We invite paper proposals for an international conference on the historical 
relationship between industrial hazards and globalization. The conference 
will be held December 13-15, 2007, at Stony Brook University, Stony Brook, 
N.Y. It will focus especially on two more recent periods of global economic 
integration, the late nineteenth/early twentieth and the later twentieth 
centuries. The conference will highlight several themes:

--the making of hazardous industries in particular places. Issues may range 
from design, engineering, and management of dangerous processes; to worker 
health and disease; to housing and sanitation; to air and water pollution; 
to ecological impacts on surrounding lands and livelihoods. The industries 
involved may be older, as in agriculture or mining or textiles, or newer, as 
in petrochemical or nuclear plants. For each period, we seek cases studies 
in both developed and developing worlds.
-knowing and controlling industrial hazards. Issues may include the evolving 
awareness of danger, risk, or dissemination; changing and conflicting styles 
of knowledge, whether lay or expert; changing means of detection and 
diagnosis; the influence of worker or environmental organizations and 
advocacy; different state and regulatory approaches and their impacts; and 
debates and struggles over solutions, whether technological, legal or 
political.
--historical relationships between intra-workplace and wider environmental 
hazards, and between the professional and legal terrains of "occupational," 

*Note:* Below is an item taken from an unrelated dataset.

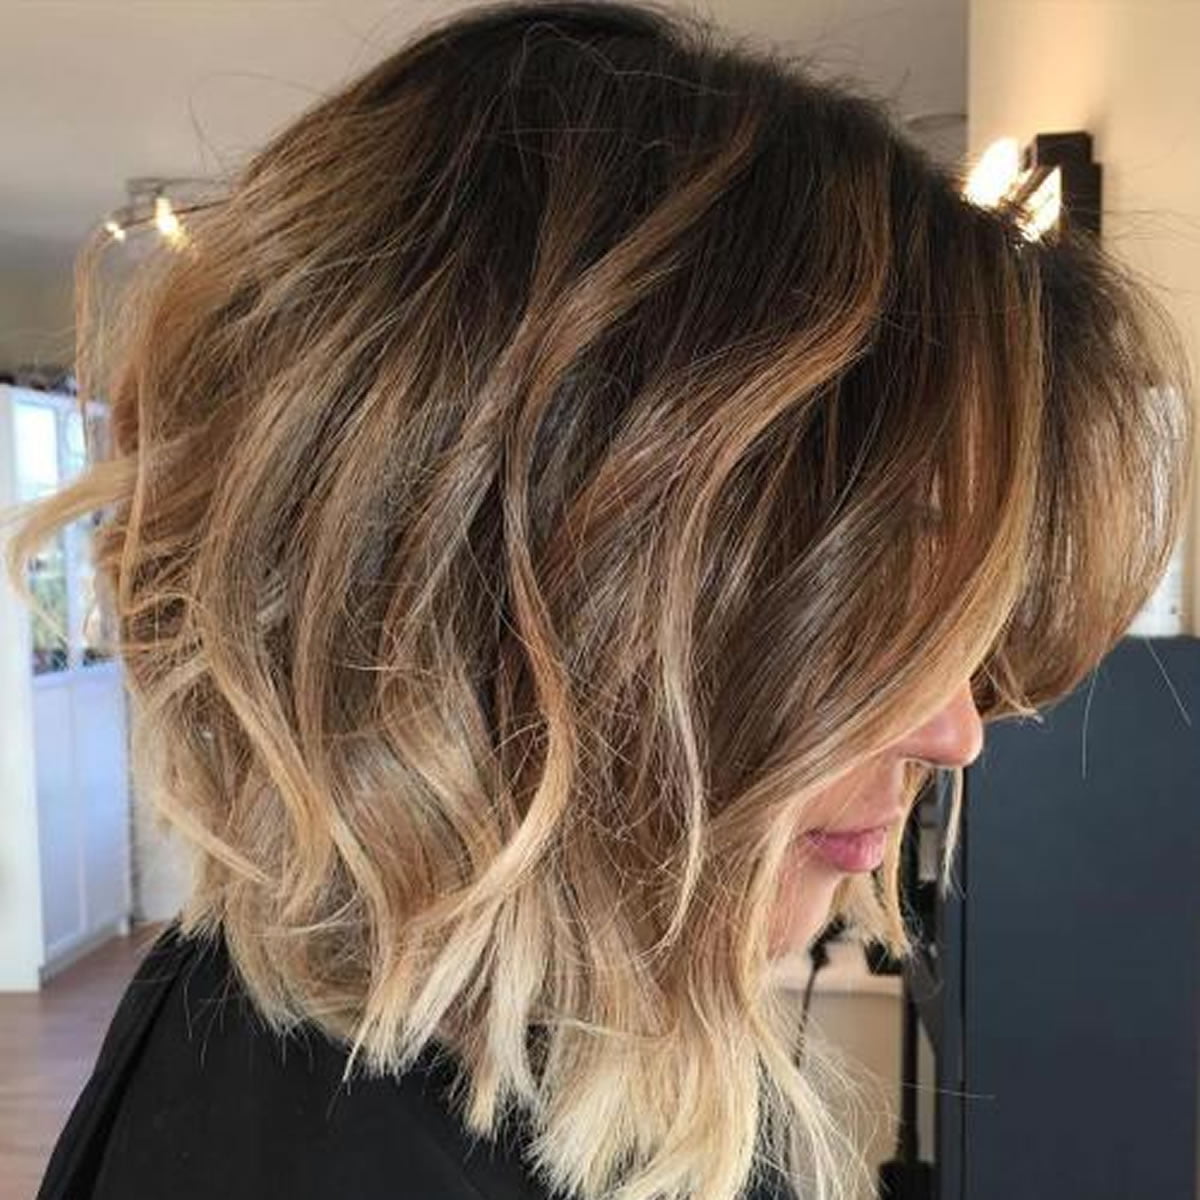 Long bob haircuts ideas that will bring beauty to your beauty – HAIRSTYLES

"environmental," and "public" health.
--cross-national passages in the making, recognition and remedy of 
industrial hazards. These may involve multinational companies, capital, 
managers, migratory workers, raw materials, experts, technologies, 
scientific or other cultural practices, government or international 
agencies, or labor or environmental groups.

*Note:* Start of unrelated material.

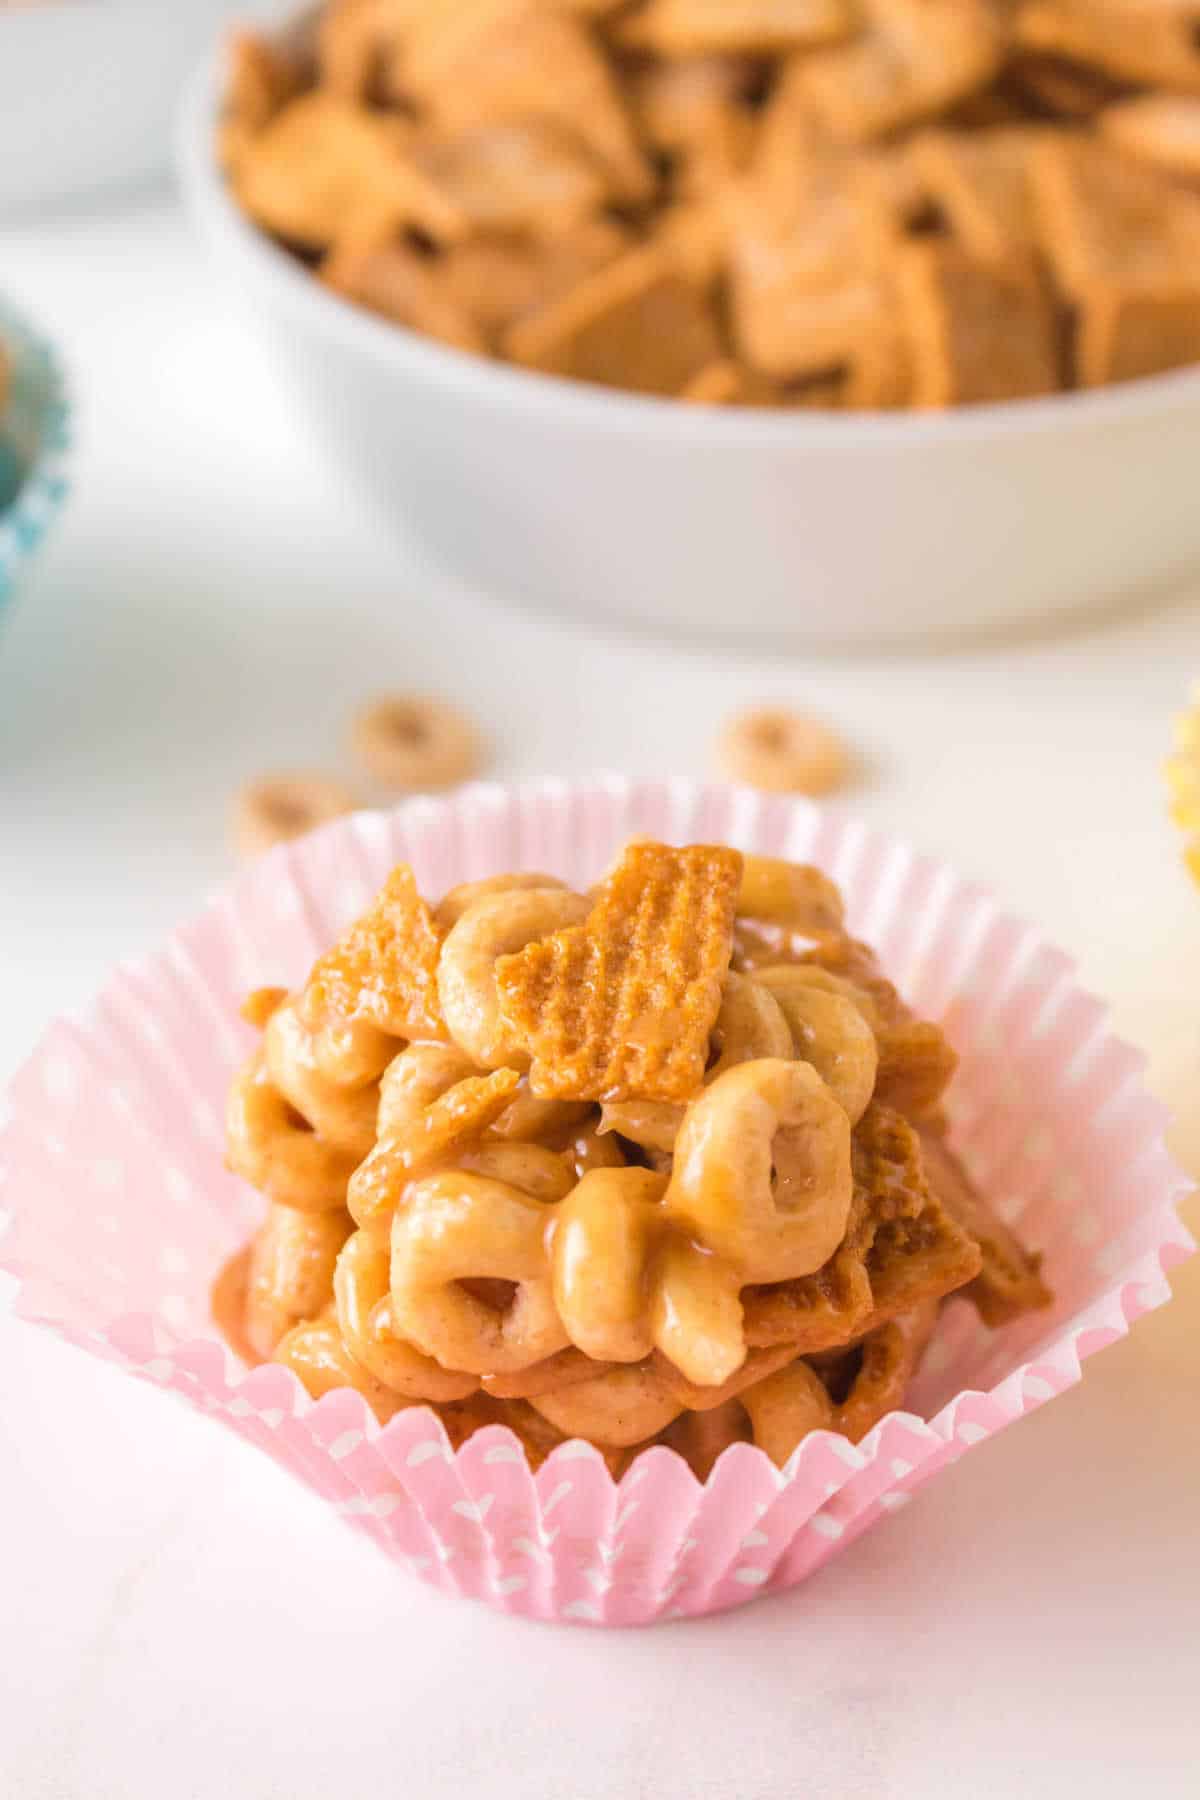 Peanut butter Cheerios Ball in a pink cupcake liner.

-comparative and supra-national approaches to the history of industrial 
hazard.

Our deliberations will strive for a more synthetic understanding of how the 
history of industrial hazards has varied across industries, nations, and 
periods, and of how, when, and why hazardous processes and their associated 
knowledge and remedy have (or have not) traveled from one nation or 
territory to another. The conference will have a workshop format, as we plan 
to move quickly to an edited publication. Accepted participants will be 
expected to submit a full manuscript version of their paper a month and a 
half beforehand, as a basis for conference discussions. Funds will likely be 
available for accepted presenters to cover food, lodging, and travel, 
national as well as international. We hope to strike an even balance between 
U.S. and non-U.S. participants.
Paper proposals must include an abstract of at least five hundred words and 
a curriculum vitae. The deadline for paper proposals is March 31, 2007. They 
should be sent as email attachments, in Word or Wordperfect files, to 
csellers at notes.cc.sunysb.edu or else as hard copies, to Christopher Sellers, 
History Department, Stony Brook University, Stony Brook, NY 11794 USA. 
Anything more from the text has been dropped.